Having held the lead of the Three Days of De Panne for a day, Démare's first victory of the 2013 season came at April's Grand Prix de Denain, winning the sprint ahead of Bryan Coquard and Bouhanni. He then won the first three stages of the Four Days of Dunkirk, ultimately winning the race overall as well as the points and young rider classifications. In June, he took his first stage victory at a UCI World Tour stage race, winning the bunch sprint at the end of the fourth stage of the Tour de Suisse into Buochs. Aside from another World Tour stage victory at the Eneco Tour, Démare's remaining successes during the year came in one-day races – he won the RideLondon–Surrey Classic in August, and the Grand Prix d'Isbergues in September to take his tally to ten wins for the season, while also finishing on the podium at Paris–Bourges (second) and Paris–Tours (third).

====2014====
For the second time in three years, Démare won on the Doha Corniche with a final-stage victory at the Tour of Qatar, his first race of the season.
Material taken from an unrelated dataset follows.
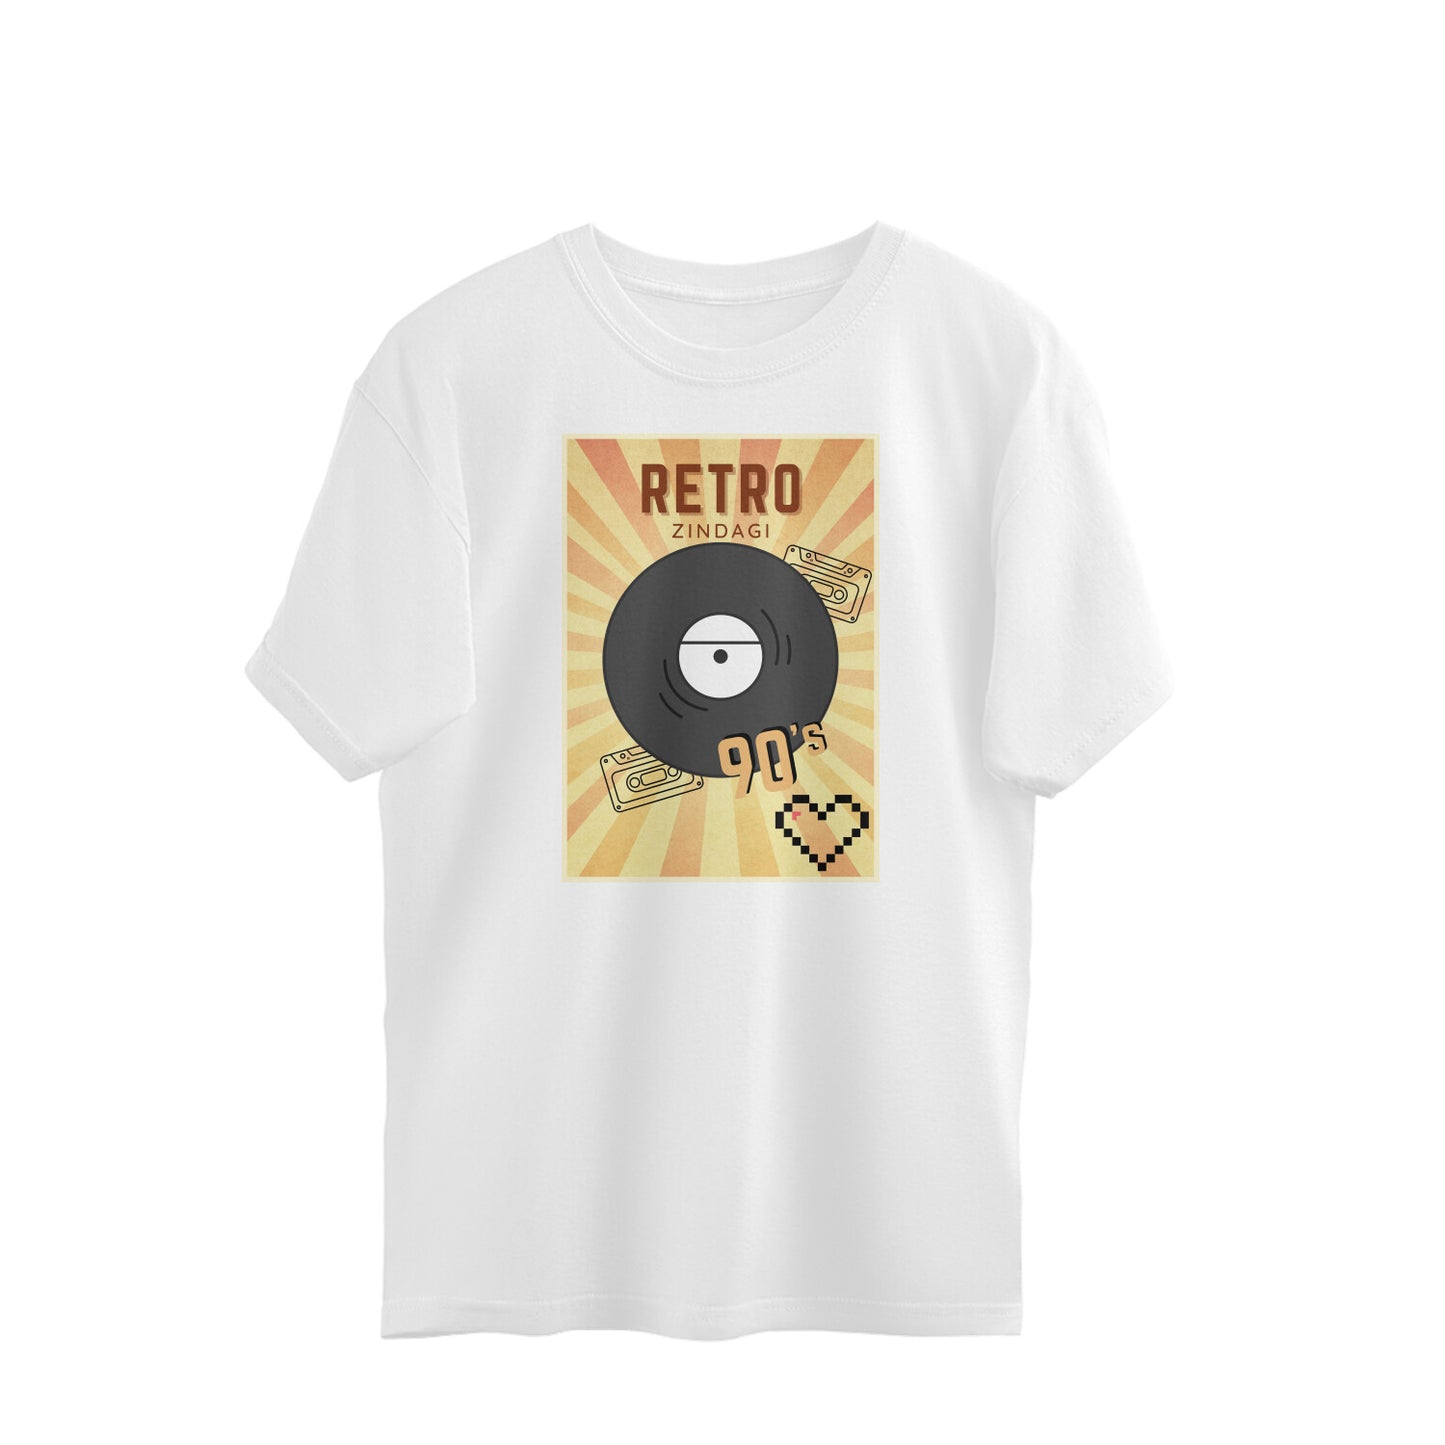 Bilkool Retro Zindagi 90's Oversized T-Shirts
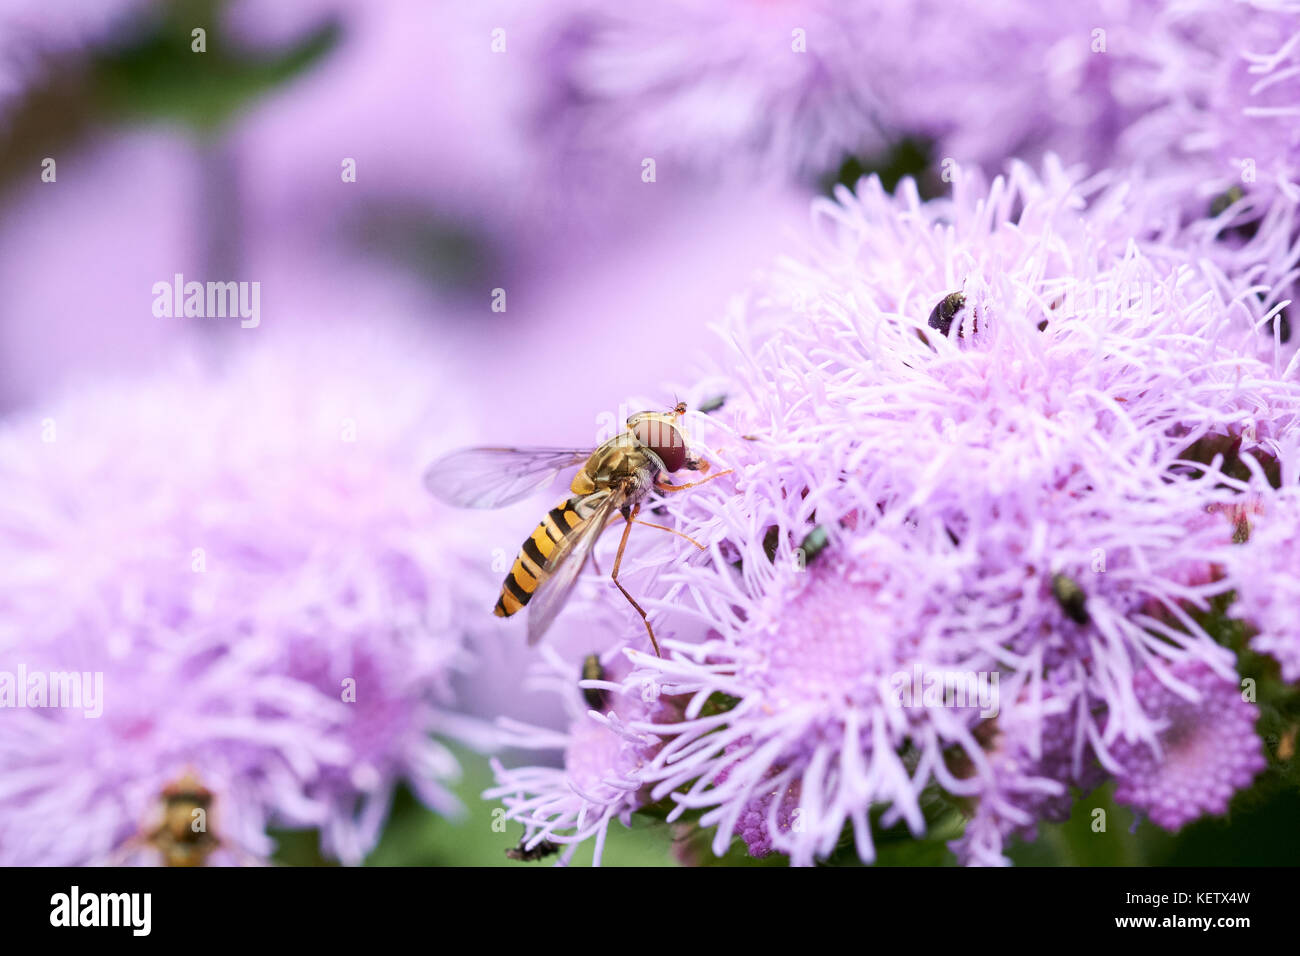 Gemeinsame Hover-fly (Syrphus ribesii) ernähren sich von Nektar aus dem Sommer lila Blüten eines Aeschynanthus (A. Jack Diamond Blau F1) Garten Pflanze, Großbritannien. Stockfoto

Moving into the cobbled classics, Démare finished in the front group at Gent–Wevelgem, ultimately finishing second behind John Degenkolb – a result that left him "satisfied" prior to the Tour of Flanders and Paris–Roubaix, but only finished the latter in twelfth place. Having extended his contract with the team until the end of the 2016 season, Démare repeated his overall victory at May's Four Days of Dunkirk, where he also won the first two stages, points and young rider classifications. The following week, he won the last two stages of the Tour de Picardie to take the overall victory, and he also won the points classification at the race. With seven victories to that point in the year, Démare was selected by as their main sprinter for the Tour de France for the first time, being selected over teammate Nacer Bouhanni.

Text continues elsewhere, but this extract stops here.